Duncan & Strutt

Weddings, ceilidhs, almost anything…

Captain James Cook was the son of a Scottish ploughman. Governor Lachlan Macquarie was born on the Hebridean island of Ulva. Governor John Hunter, after whom the Hunter River and Valley are named, was born in Edinburgh. The Hunter towns of Largs, Lorn, Aberdeen, Cessnock and Lochinvar are all named after locations in Scotland. Australia’s early settlers came with the melodies of jigs and reels singing in their heads, and very likely some dance steps to go with them. Traditional Scottish dance music is still alive and well around the country.

Chris Duncan and Catherine Strutt are thoroughly Australian, indeed thoroughly Novocastrian. Chris has made a career as a very capable mechanic, and channels some of that expertise into a passion for veteran cars. He also plays the fiddle. Catherine has a Bachelor of Visual Arts from the University of Newcastle, and, working in harness with her twin sister Jennifer as The Strutt Sisters has earned a living of sorts through jewellery manufacture and visual art-making. Add to that her remarkable affinity for the piano. Each, from a very early age, has been exposed to, indeed immersed in, traditional Scottish dance music. It hasn’t made them rich or especially famous, but it has allowed them to become aware that as musicians they are right up there amongst the best in the world. How privileged we are to have them in our midst.

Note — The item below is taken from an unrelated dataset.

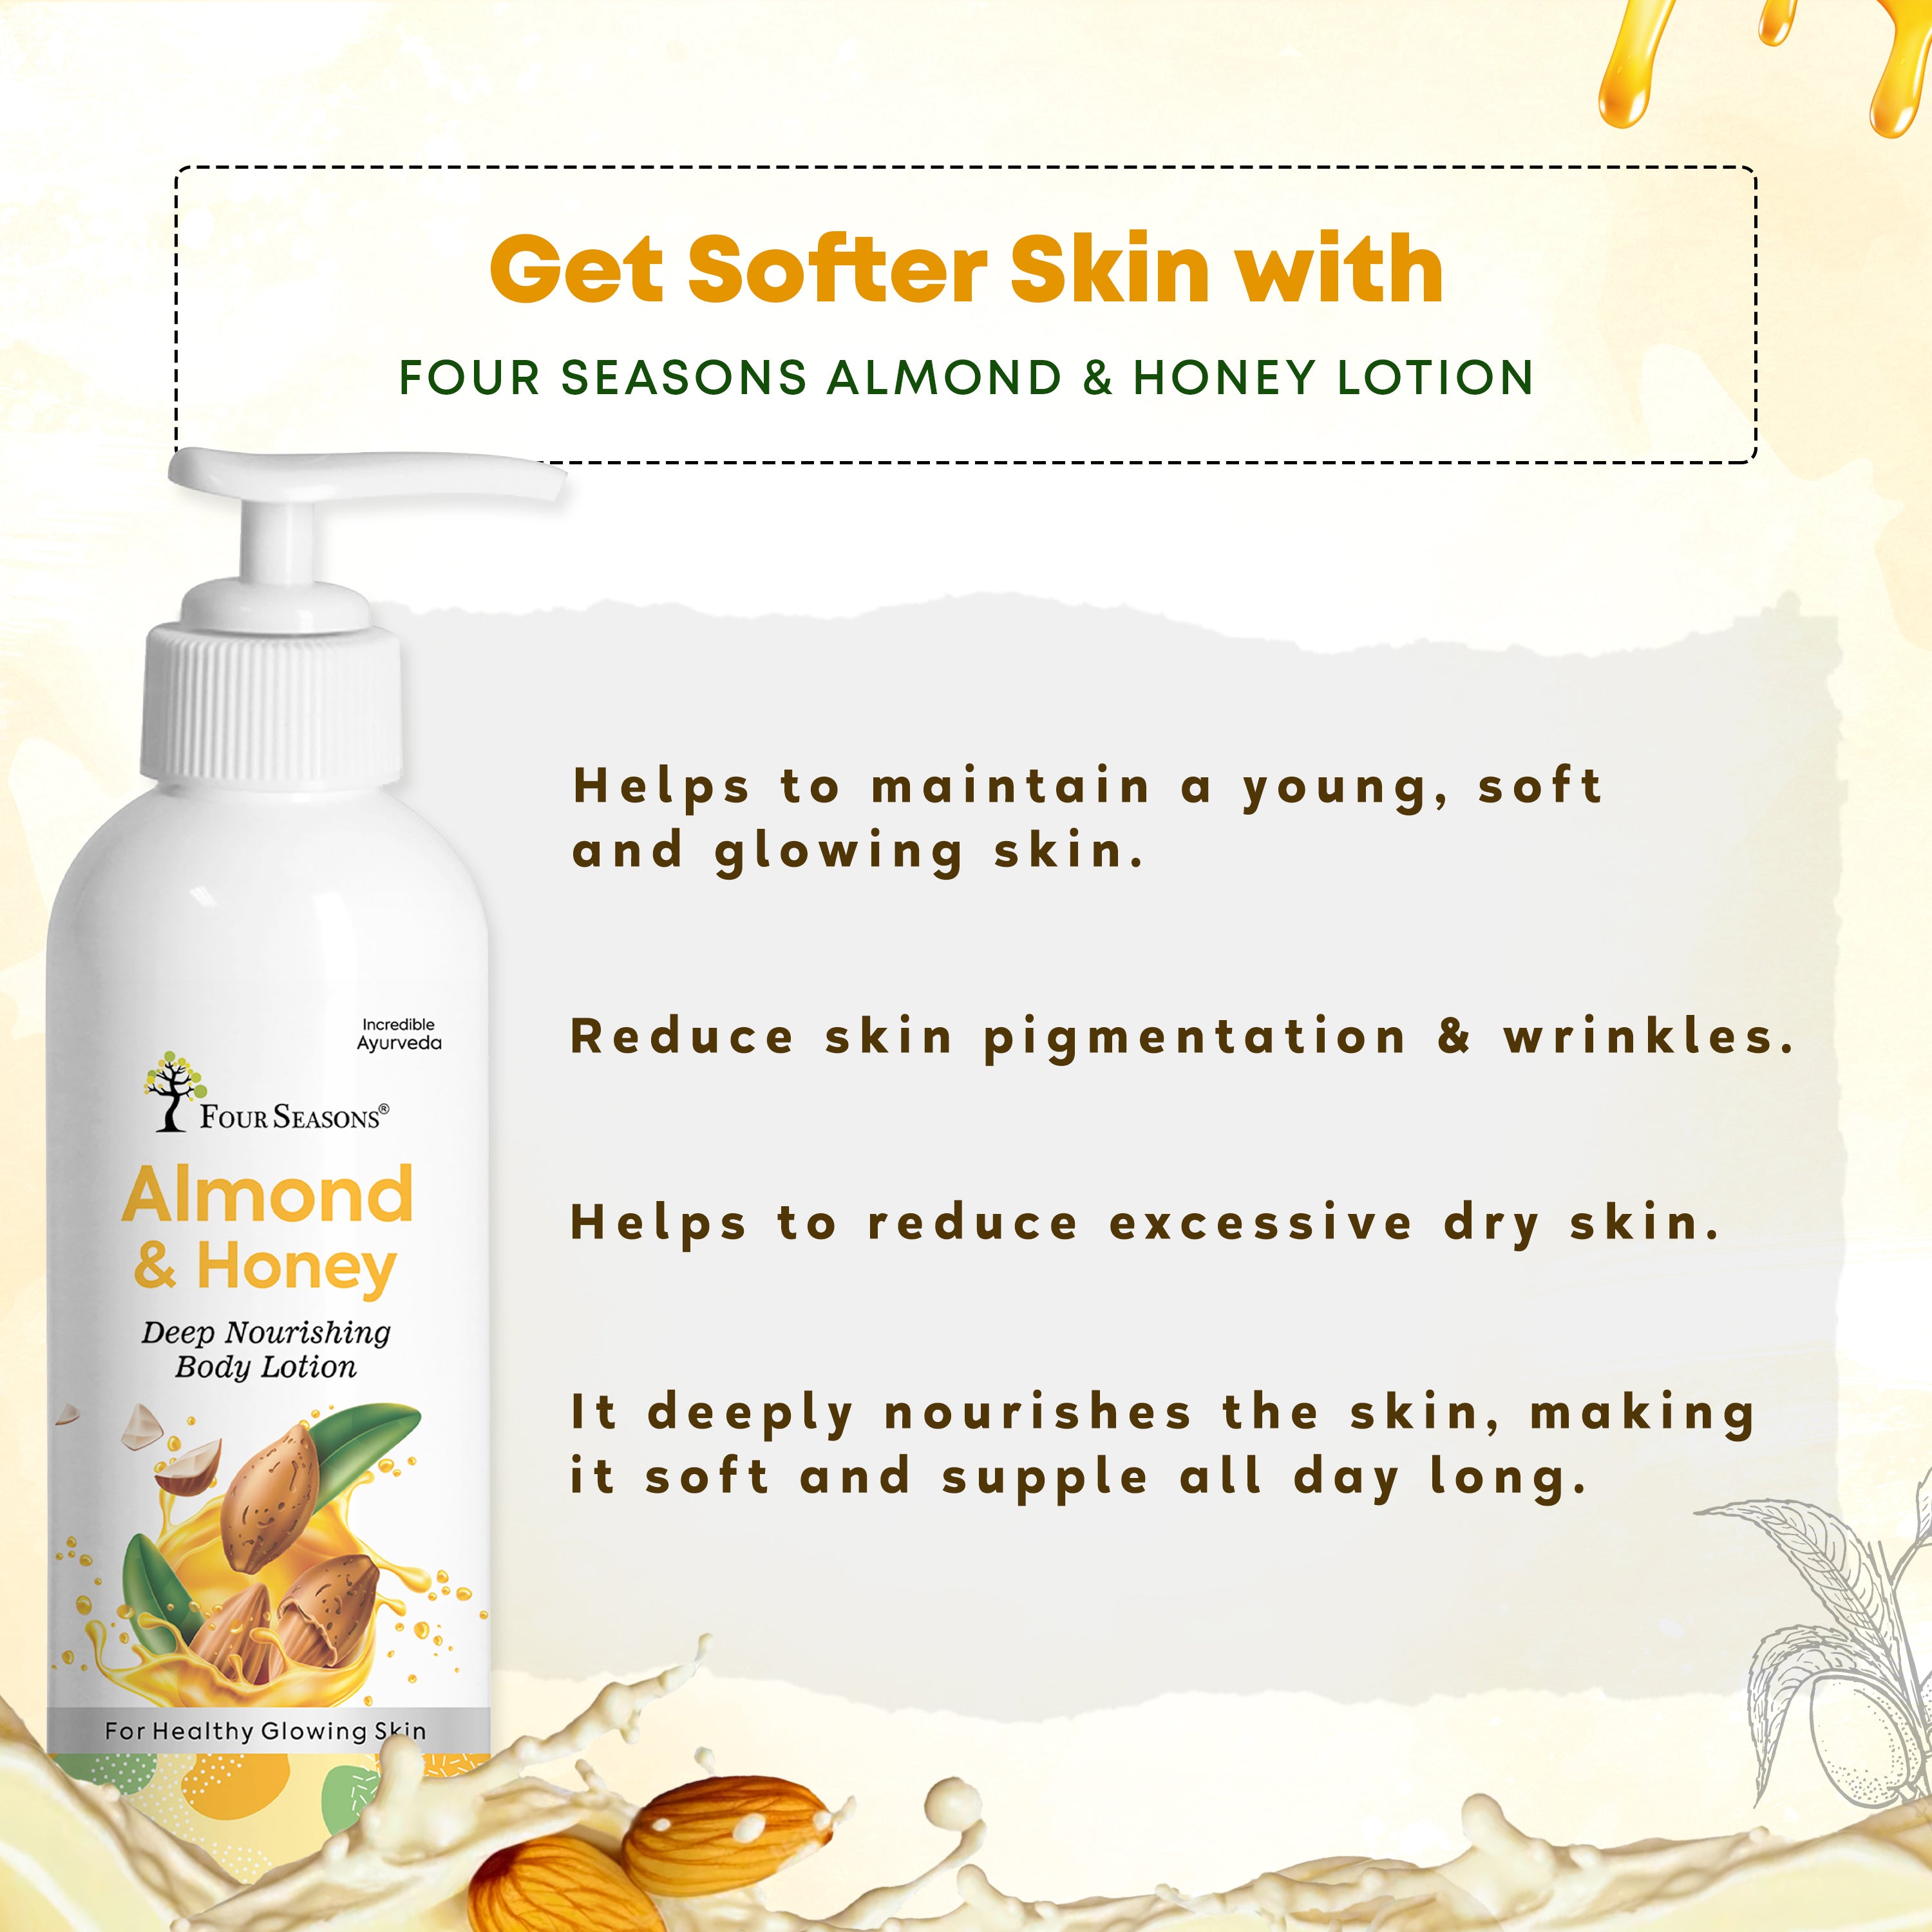 Almond & Honey Deep Nourishing Body Lotion

If you have lived in the Hunter for 30 years you’ll likely have come across Duncan & Strutt’s foot-tapping music somewhere, by intent or by accident. They have been performing together for that long. I’ve seen them in action at the National Folk Festival in Canberra on a few occasions, to the point of just expecting they will be there. Add to that other folk festivals at Woodford, Port Fairy, Cygnet or Portarlington.

They were at the Aberdeen Highland Games for the event’s 20th year as the driving force for more than 150 dancers at the Saturday night ceilidh (that’s a social event with Scottish or Irish folk music and traditional dancing). Or perhaps you’ve been to a wedding, where after the speeches the night leaps to its feet with Chris and Catherine – and a ‘caller’ to help teach the steps – to deliver melody and rhythm for some fun and energetic Scottish dancing.

Global links

I arrive on a rainy morning at an address in Adamstown Heights: I am about to interview a suburban husband and wife who just happen to be fabulous musicians. I am welcomed into a small front room dominated by a grand piano and wonder how it could possibly have been brought in there.

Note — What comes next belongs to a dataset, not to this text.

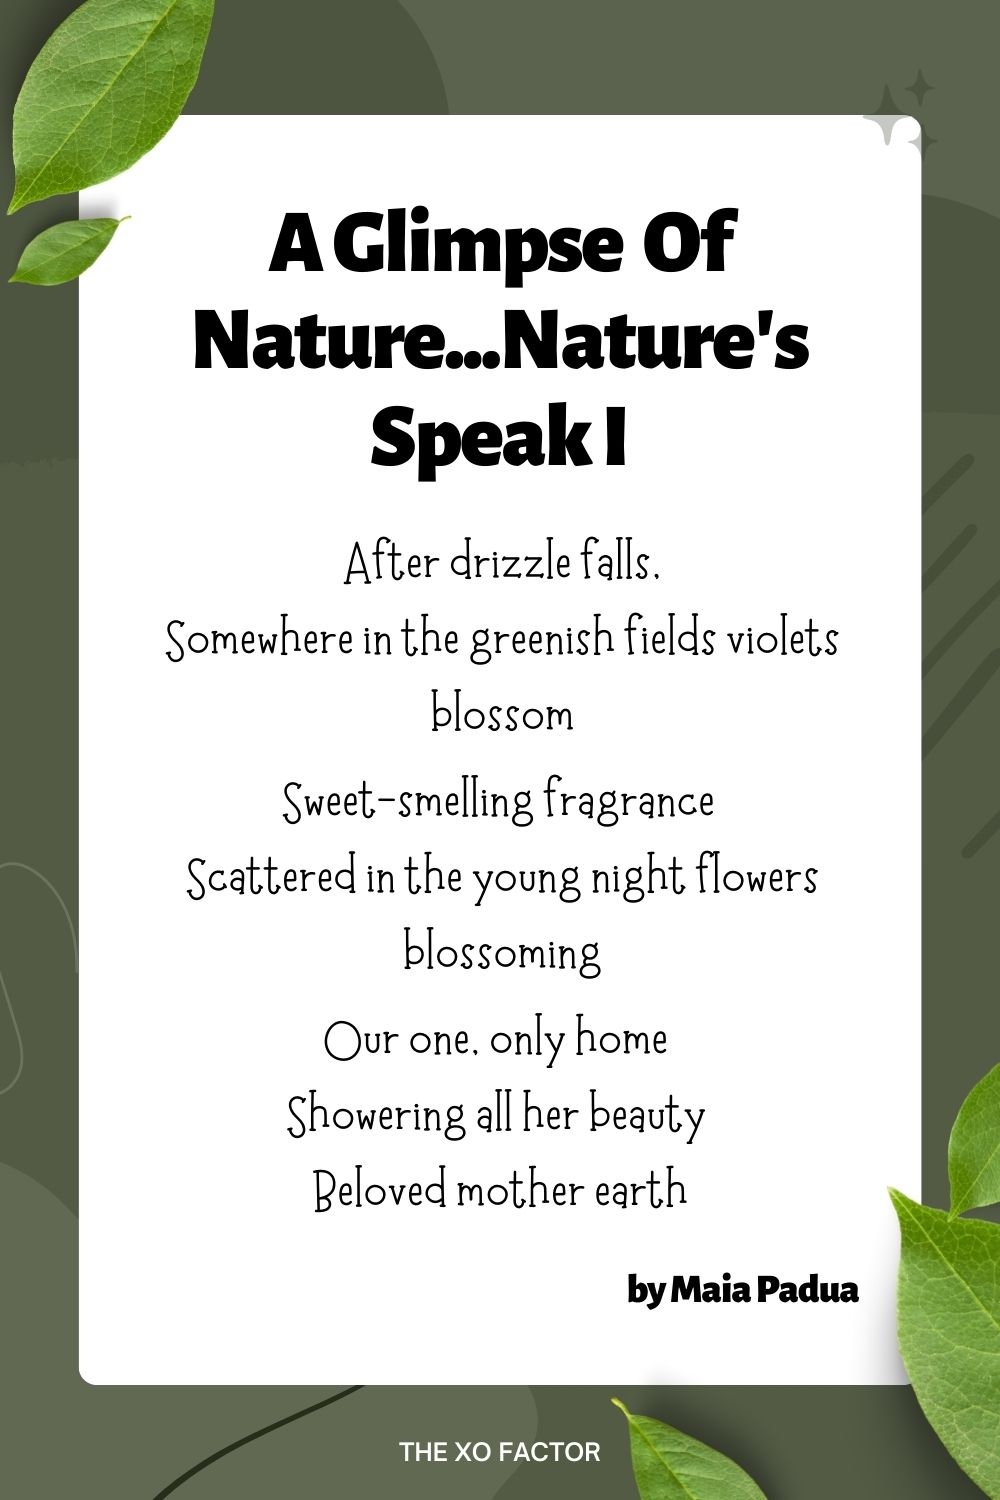 A Glimpse Of Nature...Nature's Speak I Poem by Maia Padua

I soon learn that there’s a great deal happening within this humble dwelling, and only some of it connects to the rigorous demands of the Royal Scottish Country Dance Society.
I’ve looked up the Duncans on the map of Scottish clans and they are centred on the east coast just north of Dundee. Between Dundee and Edinburgh is St Andrews, the home of the Royal Scottish Country Dance Society, custodian and upholder of traditional practice in Scottish music and dance.

The Society has branches and affiliates all around the world, including Sydney. It is through links with this Society that Chris and Catherine have been invited to perform their authentic music at events in Canada, Japan, New Zealand and California.

Chris Duncan was born into Scottish culture, but in a Charlestown sort of way. He was introduced to Scottish traditional dance as a child and first danced in public at the Mattara Festival in 1972. Soon he was learning the violin, and by sixteen he had formed with two friends a Scottish dance band, Harp & Claymore, that went on to set local halls bouncing for nearly 20 years.
Catherine and her sister were a decade or so behind, but on the same path. Same traditional Scottish dance teacher. Same growing familiarity with the rhythms, the tempos, the melodies. Catherine’s parents formed a bush-dance band called Coalbrook Ceilidh, soon to be joined by their daughters.

The band performed in country halls up and down the valley, at the Warners Bay Bush Barn, and for bush dances in Glebe, Sydney. Catherine learned to play the piano and had a rare gift to visualise the music as she played, to see it as colours as she sensed her way across the keys. In her early years as a Scottish dancer, often enough Chris was a fiddler in the band that provided the music.

From Cardiff High School to the Visual Arts faculty at Newcastle University, with Scottish music and dance threaded through all the way, Catherine was striking out. Warners Bay High School and an apprenticeship well behind him, Chris was into the responsibilities of life, running his own successful automotive repair business, tinkering with old cars, and playing alongside the very best fiddlers of the time. He was devotedly exploring the repertoire of composers and players of the Golden Age of Scottish fiddle music – from the late seventeenth to the early nineteenth century. By 1990 Chris and Catherine had become a musical duo.